Unsurprisingly, Russia has been the most vocal critic of this campaign. Russia, the successor state to the USSR, never recognized the Holodomor in separation from the Soviet-wide famine. Here’s what Russia’s parliament, the Duma, stated in 2008:
“The regions of the USSR (the Volga region, the Central Black Earth Region, the North Caucasus, the Urals, the Crimea, part of Western Siberia), Kazakhstan, Ukraine, and Belarus have suffered from the result of the famine caused by forced collectivization. This tragedy does not have and cannot have internationally established signs of genocide and should not be the subject of contemporary political speculation.”
Not only has Russia refused to take responsibility and apologize for the genocide enacted by one of the world’s most brutal dictators, but it has also done everything to keep the knowledge about the Holodomor unattainable. Official Soviet documents that could help us understand the events of the Holodomor remain hidden from the public behind the Kremlin walls.
Holodomor’s significance in 2022
Russia’s brutal full-scale invasion of Ukraine opened up the discussion about Russia’s colonial atrocities of the past. The viciousness and genocidal nature of the Russian invasion and occupation in Bucha, Irpin, Izium, Mariupol, and Kherson have sent waves of shock and horror across the entire globe. The invasion also serves as the window to many of the past atrocities committed by the Russian imperial project. The Holodomor is one of the cruellest of these atrocities.
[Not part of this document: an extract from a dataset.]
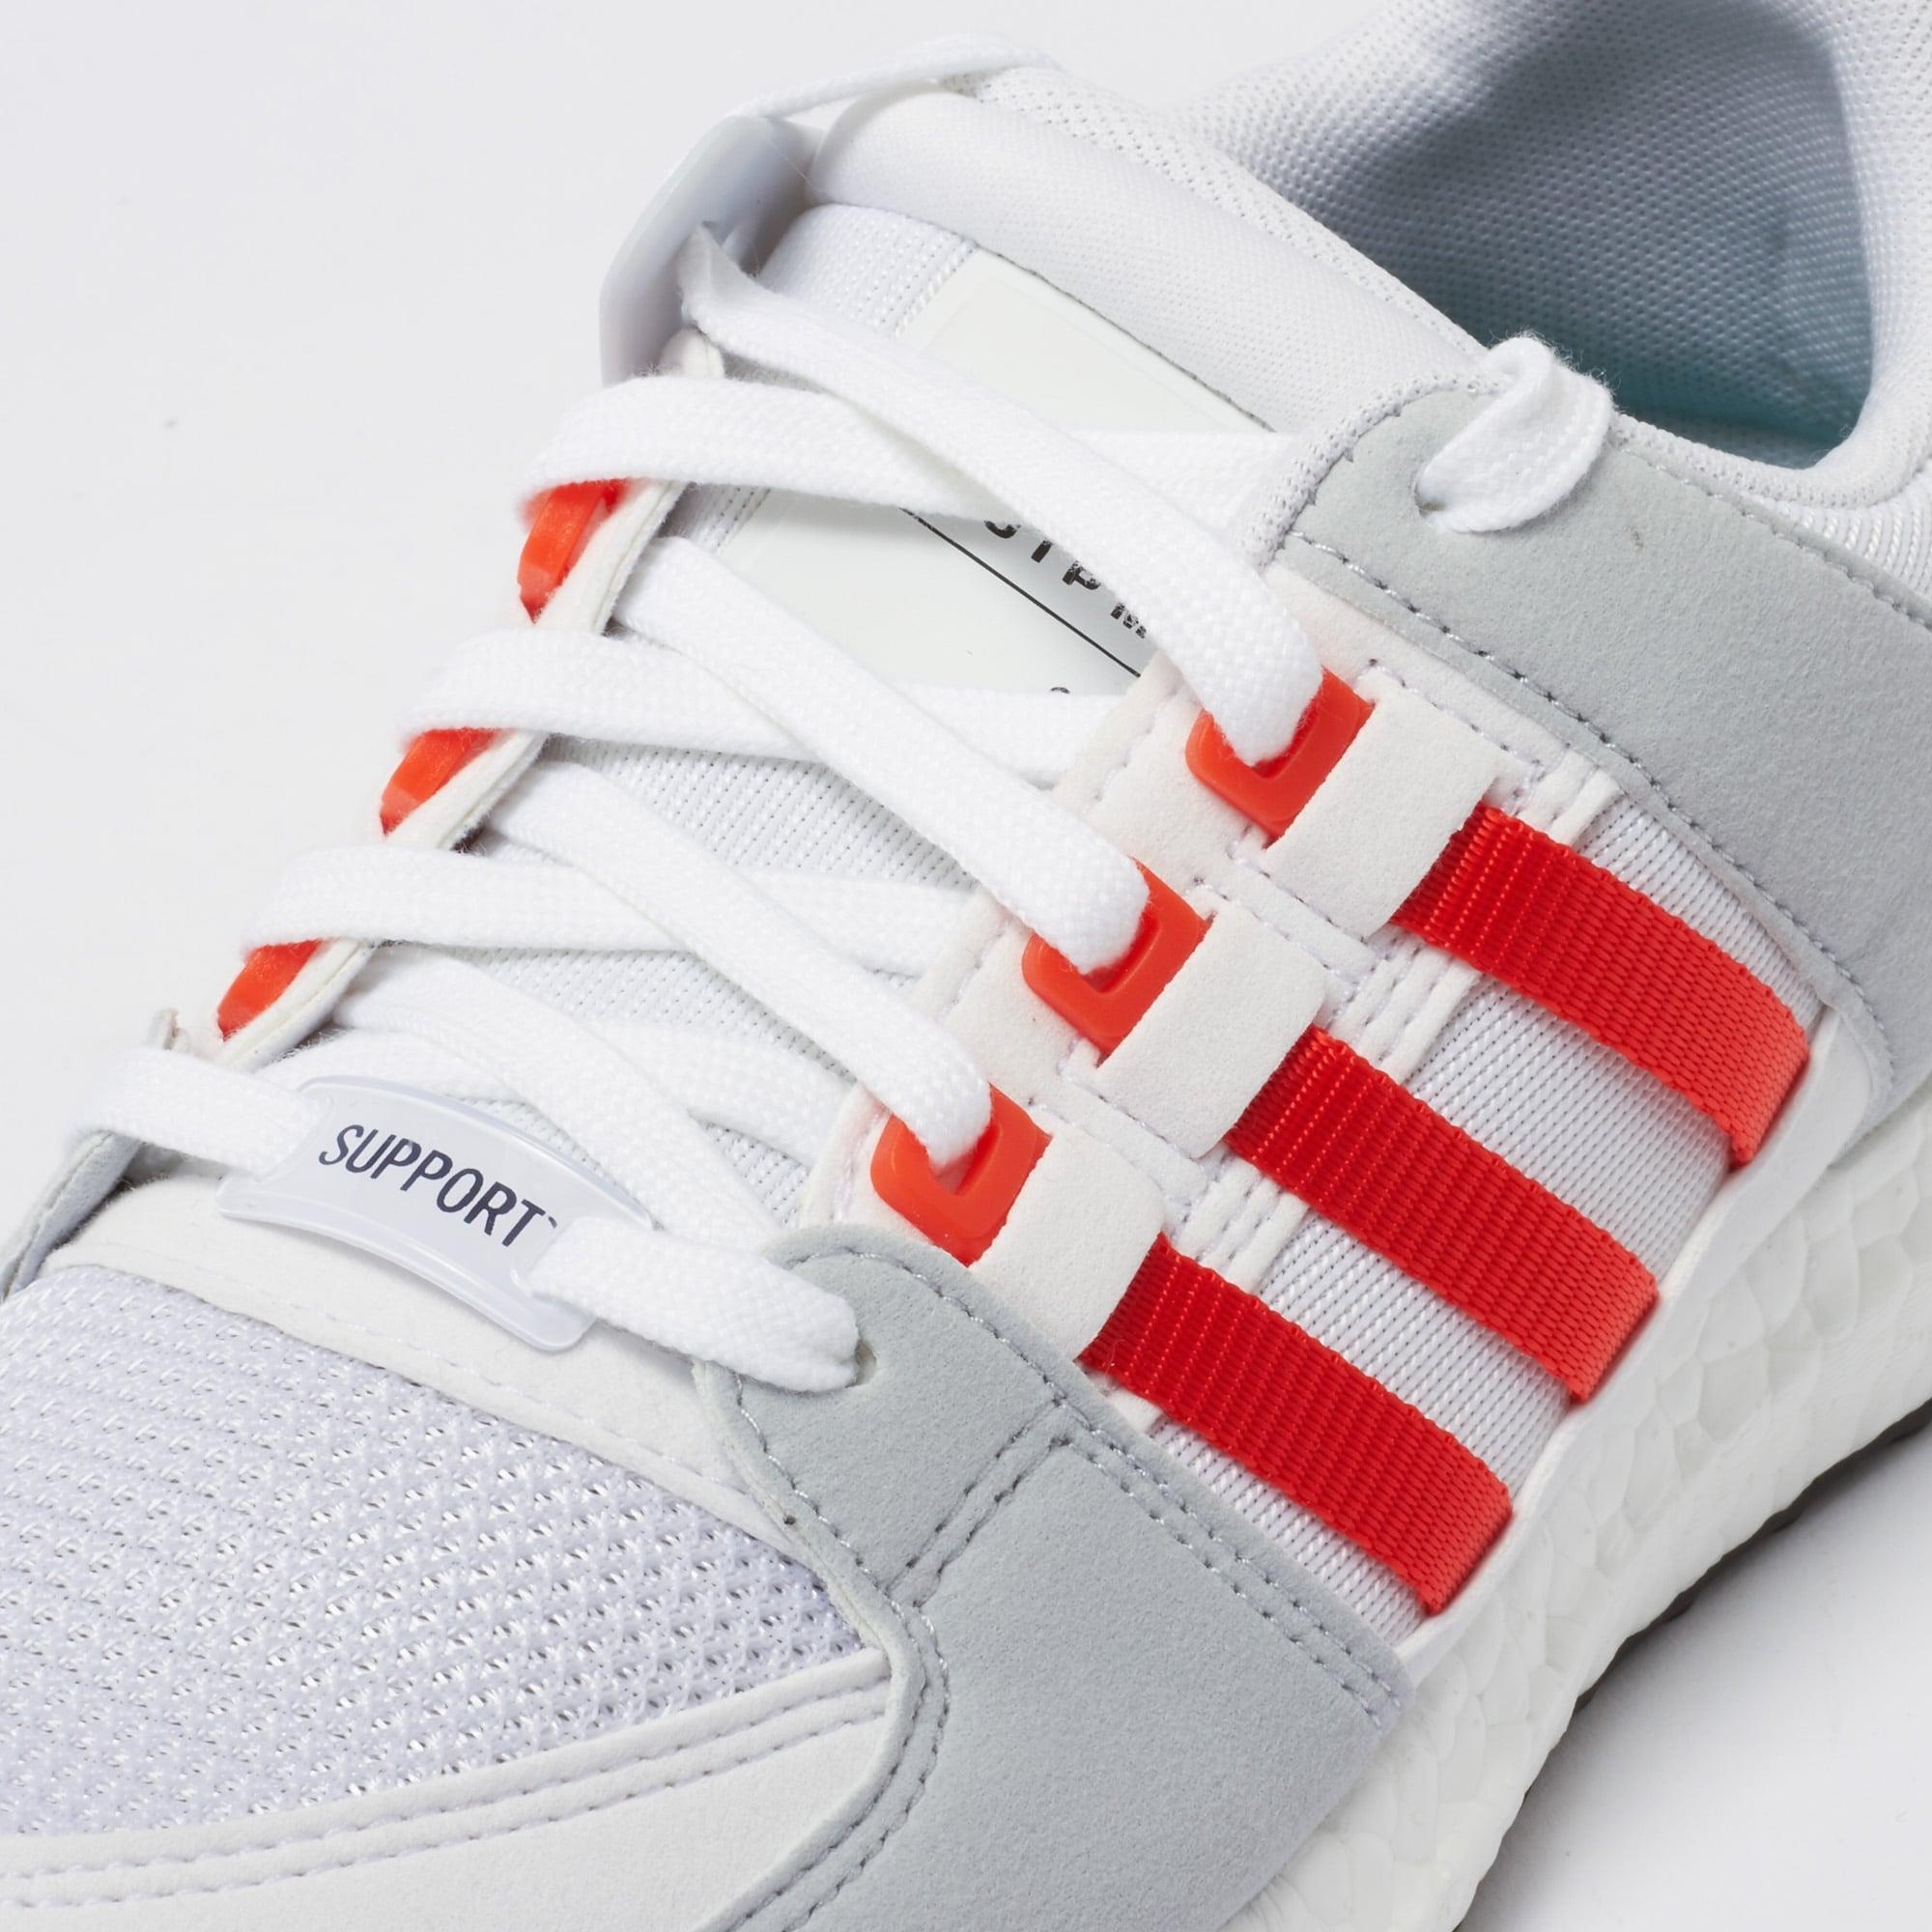 premium selection c217f 3e8e6 EQT Support Ultra - Running White amp Bold Orange

Today, the best way to honour the 4.5 million Ukrainians who starved to death in 1932-1933 is to support Ukraine right now in its fight for independence and against Russian imperialism.
Finally, check if your country has legally recognized the Holodomor as an act of genocide. If it hasn’t, then this weekend is the best time to raise the issue in your community and demand action at the level of your cities and governments.”